The scikit-learn library contains a few small datasets that we can experiment with. Descriptions of the datasets are included here: https://scikit-learn.org/stable/datasets/toy_dataset.html. We will use two of them in this tutorial:

1) The Boston house prices dataset (for regression tasks) and

2) The breast cancer wisconsin (diagnostic) dataset (for classification tasks)

First we will load the datasets using helper functions and will take a look at the contents:

In [1]:
from sklearn.datasets import load_boston
import pandas as pd

boston = load_boston()
print(boston.DESCR)
(boston_X, boston_y) = load_boston(return_X_y=True)

.. _boston_dataset:

Boston house prices dataset
---------------------------

**Data Set Characteristics:**  

    :Number of Instances: 506 

    :Number of Attributes: 13 numeric/categorical predictive. Median Value (attribute 14) is usually the target.

    :Attribute Information (in order):
        - CRIM     per capita crime rate by town
        - ZN       proportion of residential land zoned for lots over 25,000 sq.ft.
        - INDUS    proportion of non-retail business acres per town
        - CHAS     Charles River dummy variable (= 1 if tract bounds river; 0 otherwise)
        - NOX      nitric oxides concentration (parts per 10 million)
        - RM       average number of rooms per dwelling
        - AGE      proportion of owner-occupied units built prior to 1940
        - DIS      weighted distances to five Boston employment centres
        - RAD      index of accessibility to radial highways
        - TAX      full-value property-tax rate per $10,000
        - PTRATIO  pu

In [2]:
from sklearn.datasets import load_breast_cancer

cancer = load_breast_cancer()
print(cancer.DESCR)
(cancer_X, cancer_y) = load_breast_cancer(return_X_y=True)

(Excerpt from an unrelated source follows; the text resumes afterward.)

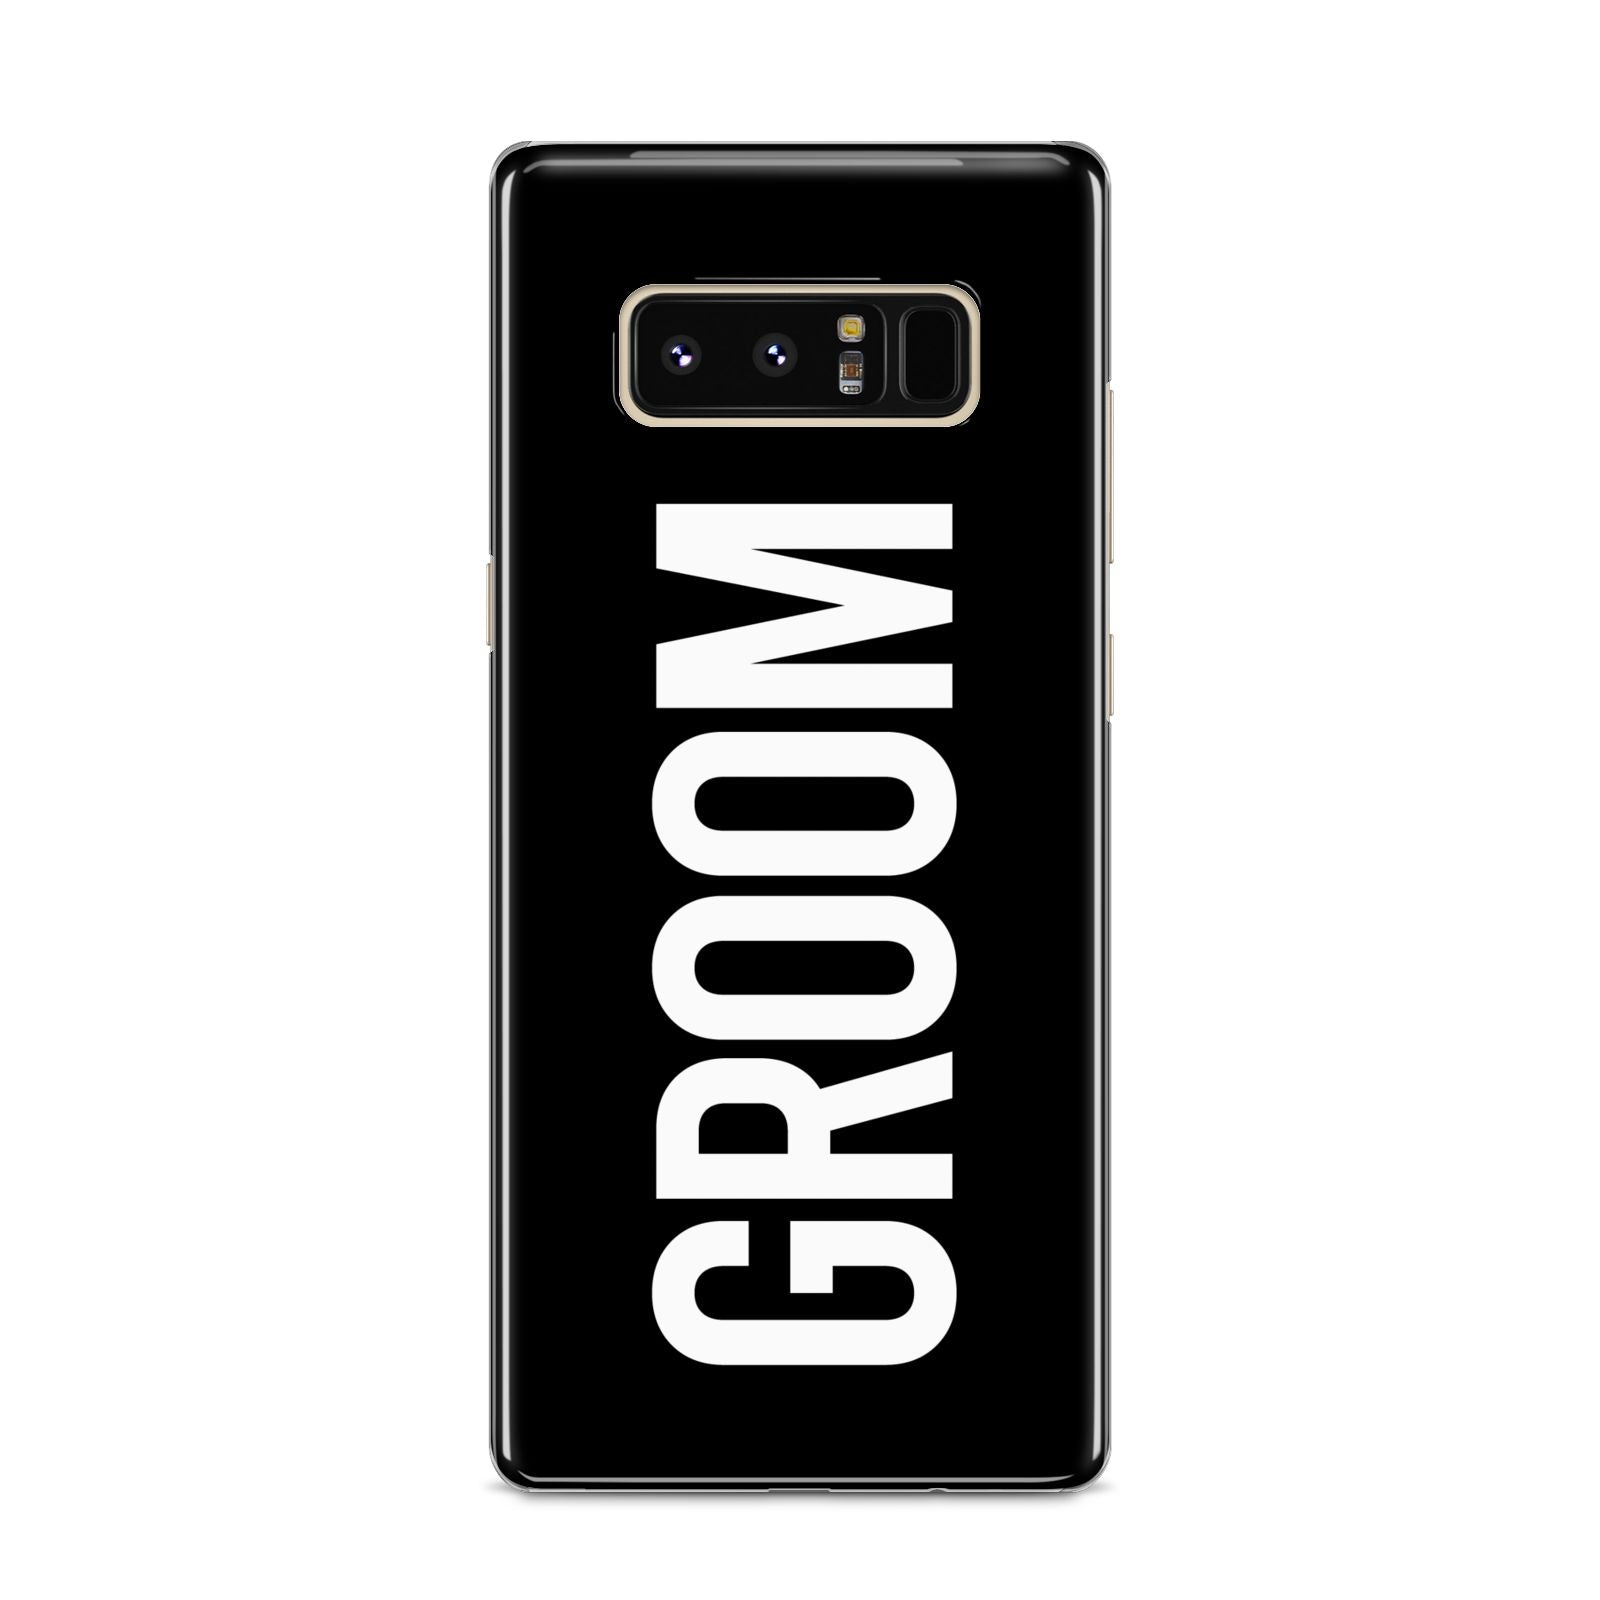 Groom Samsung Galaxy S8 Case

.. _breast_cancer_dataset:

Breast cancer wisconsin (diagnostic) dataset
--------------------------------------------

**Data Set Characteristics:**

    :Number of Instances: 569

    :Number of Attributes: 30 numeric, predictive attributes and the class

    :Attribute Information:
        - radius (mean of distances from center to points on the perimeter)
        - texture (standard deviation of gray-scale values)
        - perimeter
        - area
        - smoothness (local variation in radius lengths)
        - compactness (perimeter^2 / area - 1.0)
        - concavity (severity of concave portions of the contour)
        - concave points (number of concave portions of the contour)
        - symmetry
        - fractal dimension ("coastline approximation" - 1)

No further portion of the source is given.